¿Basta con una ley antipandillas en Guatemala?

 

La historia reciente de Centroamérica prueba que las leyes, por sí solas, no bastan, sobre todo en estados plagados de corrupción y de operadores políticos inescrupulosos que no han dudado en utilizar a las pandillas para avanzar sus agendas.

Por Héctor Silva Ávalos

La escena es ya un clásico en el norte de Centroamérica: un presidente o un aspirante a serlo anuncia reformas legales para endurecer la lucha represiva contra las pandillas MS13, Barrio 18 o alguna de sus variantes y presenta las enmiendas como el remedio último para combatir a estas estructuras criminales; las medidas, casi siempre, incluyen la promesa de reforzar la vigilancia en las cárceles, de aumentar penas y de extender la persecución desde el Estado a personas sospechosas de ser cómplices de los pandilleros. No son fórmulas nuevas, han sido probadas ya en El Salvador y Honduras, cuyas experiencias demostraron que, por sí solas y sin la voluntad política de aniquilar la corrupción que suele alimentar al crimen, este tipo de ajustes legales se quedan en el papel o, en el peor de los casos, sirven para justificar acciones inconstitucionales de regímenes autoritarios.

Guatemala se sumó a la tendencia el 6 de octubre pasado cuando el presidente, Bernardo Arévalo, y el ministro de gobernación, Francisco Jiménez, anunciaron la presentación al Congreso de dos leyes para combatir a las pandillas. Los discursos, como suele ocurrir, fueron grandilocuentes:

“Para lograr este gran proceso de cambios, debemos dar golpes claros a uno de los principales enemigos del pueblo de Guatemala, y este es el crimen organizado”, dijo Arévalo. Y el ministro Jiménez: “Detrás de cada reforma hay una historia. Detrás de cada artículo hay una víctima, una comunidad golpeada, una madre que ha perdido a su hijo, un país que ha dicho: ya basta”.
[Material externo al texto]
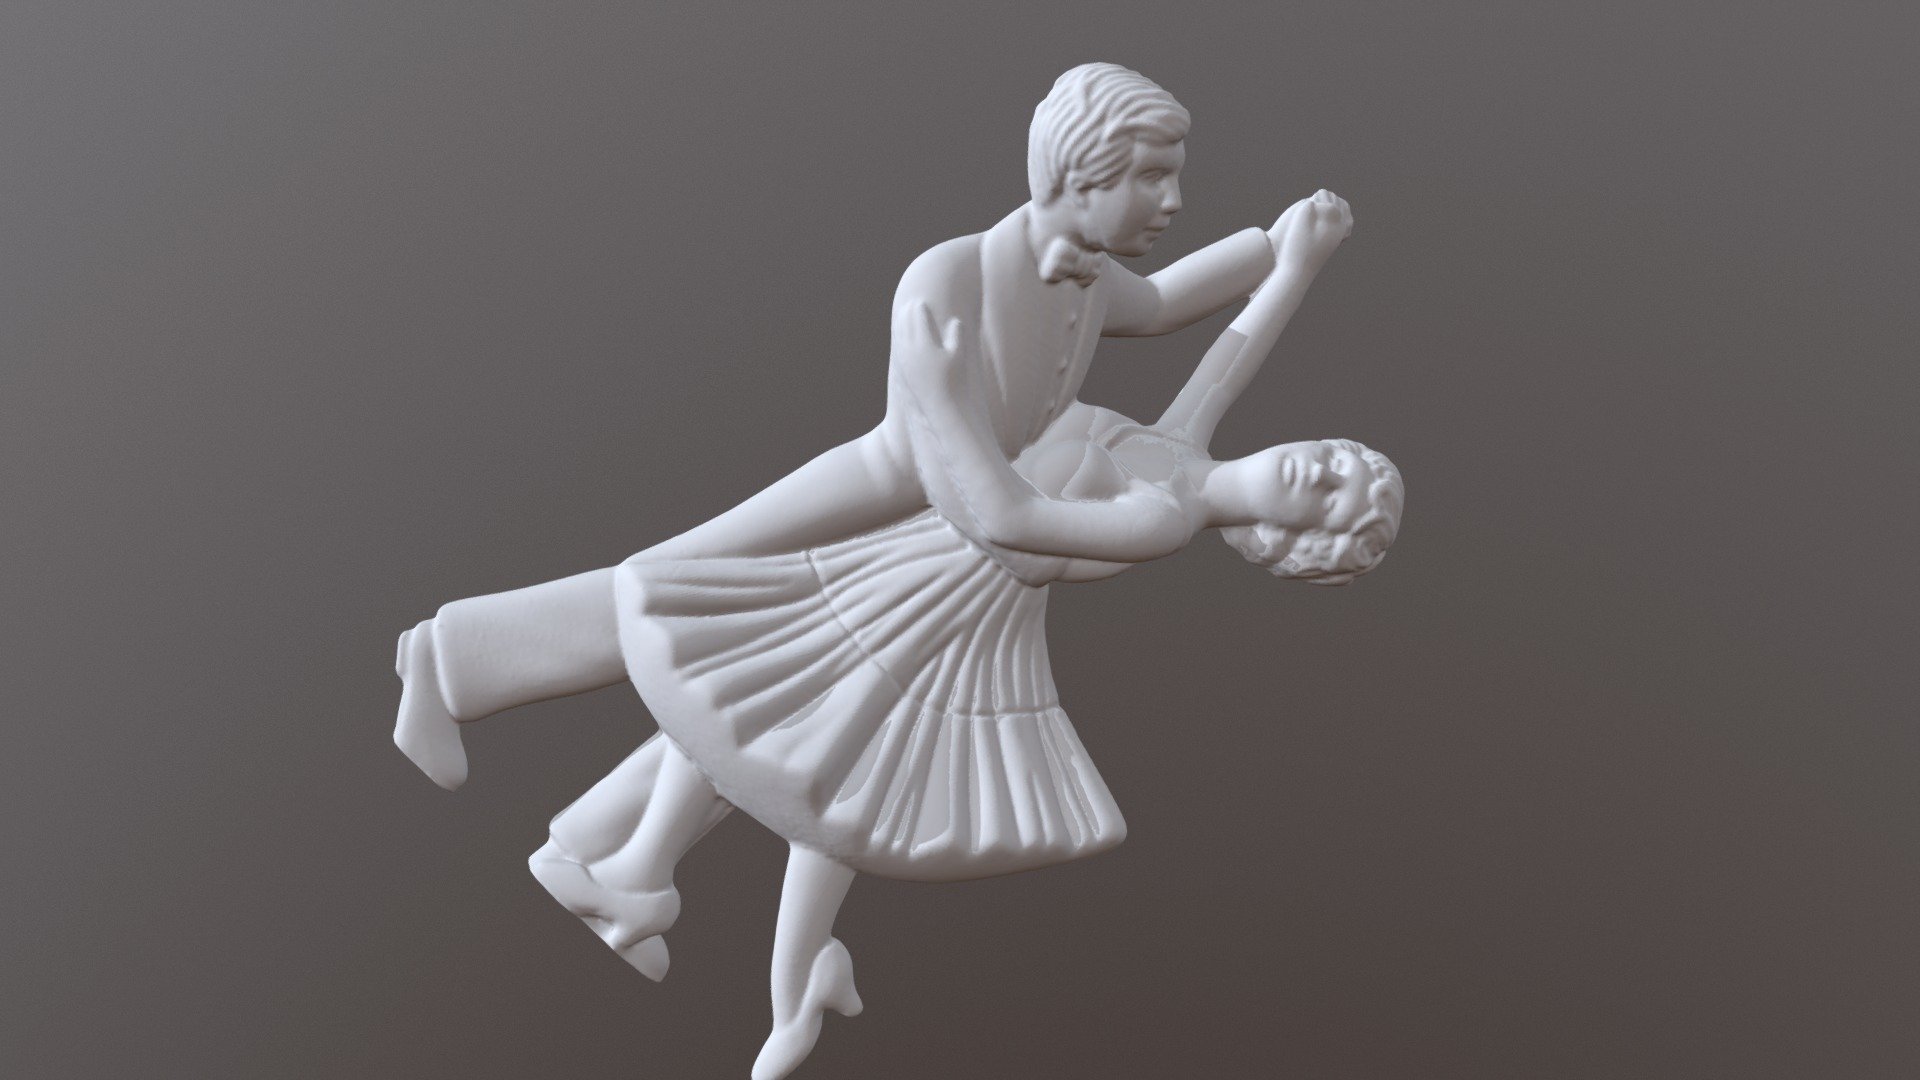 3D scanned dancing couple figurine
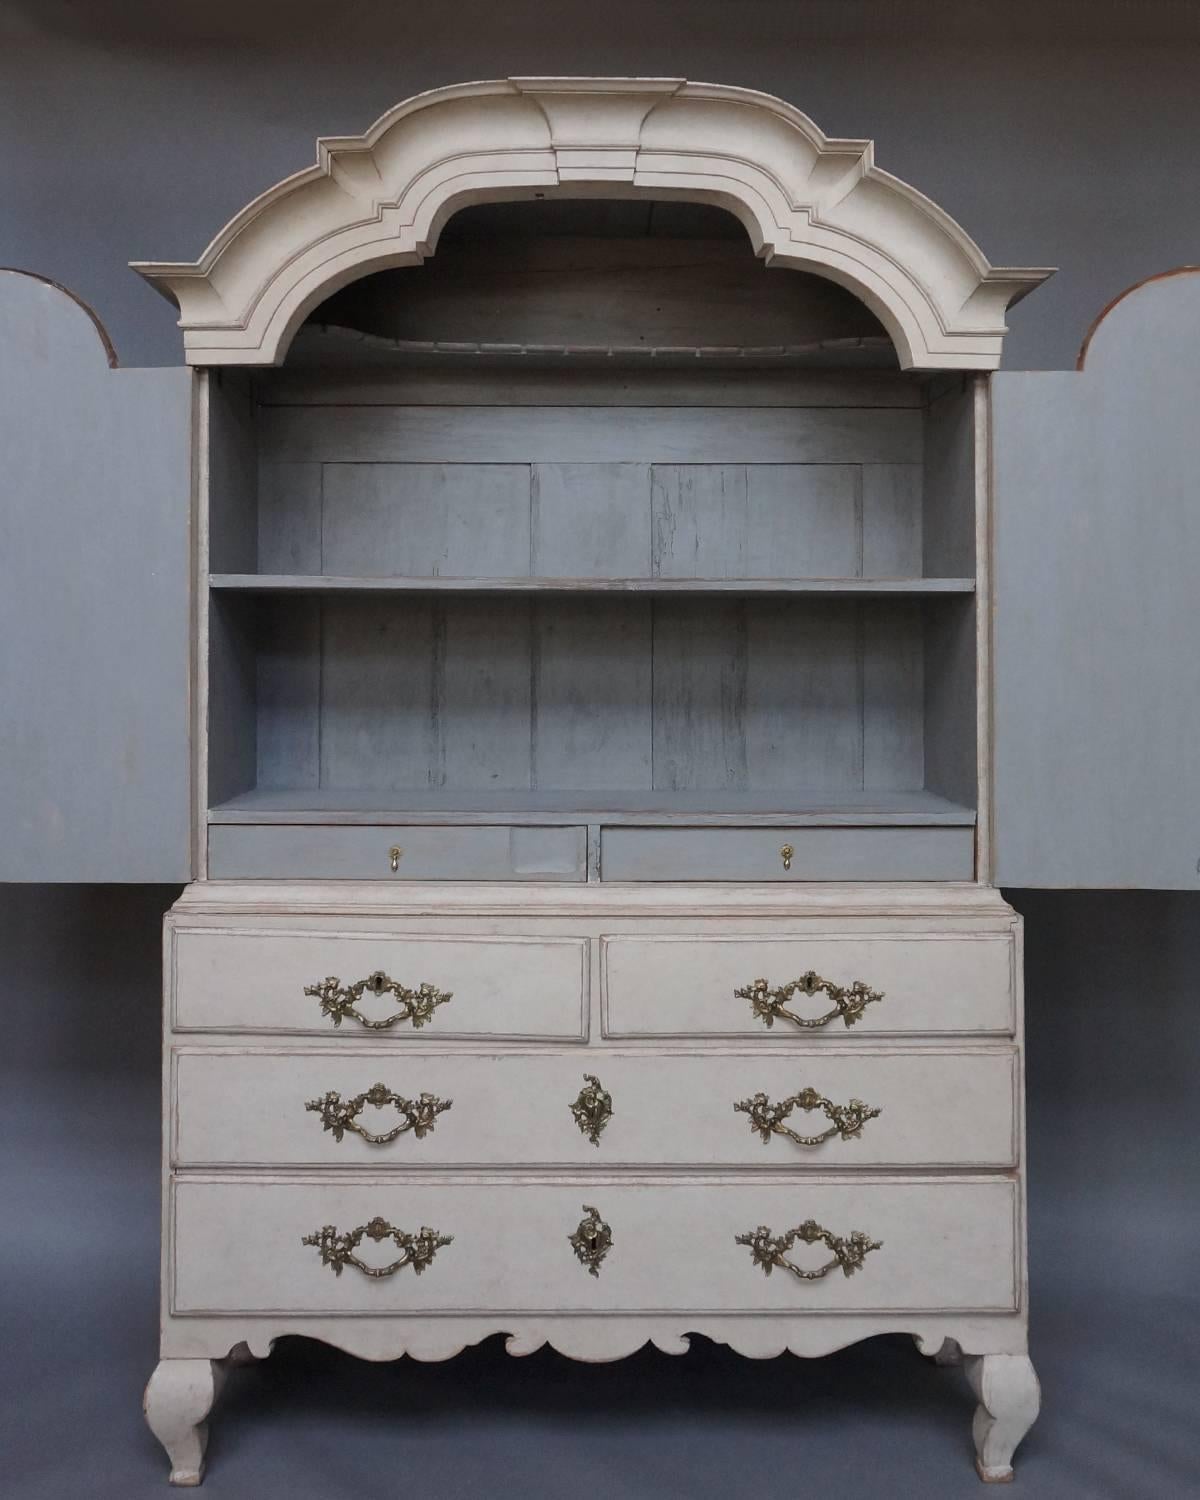 Swedish Baroque cabinet in two parts, circa 1760, with original hardware. The upper section has two shelves and two drawers behind double doors, all under an arched cornice. The lower section has two over two drawers on a shaped base with compressed

El anuncio del gobierno guatemalteco llega en una particular coyuntura política marcada por la rabiosa oposición promovida por la ultraderecha a través de sus diputados leales en el Congreso, por la persecución política del Ministerio Público a Arévalo y varios de sus funcionarios y por campañas mediáticas tendientes a alentar la percepción de que Guatemala cae sin freno por una espiral de violencia, pero también por un alza interanual de 8% en las cifras de homicidios según datos oficiales de la Policía Nacional Civil.

En medio de los reclamos de la oposición, el alza momentánea en los homicidios, la percepción ciudadana y en no menor medida la presión de los Estados Unidos de Donald Trump, el principal socio internacional de Arévalo, de mostrar más músculo contra las pandillas, el discurso gubernamental guatemalteco se ha movido de uno enfocado en la lucha contra la corrupción y el rescate de las instituciones estatales a uno centrado en la seguridad pública.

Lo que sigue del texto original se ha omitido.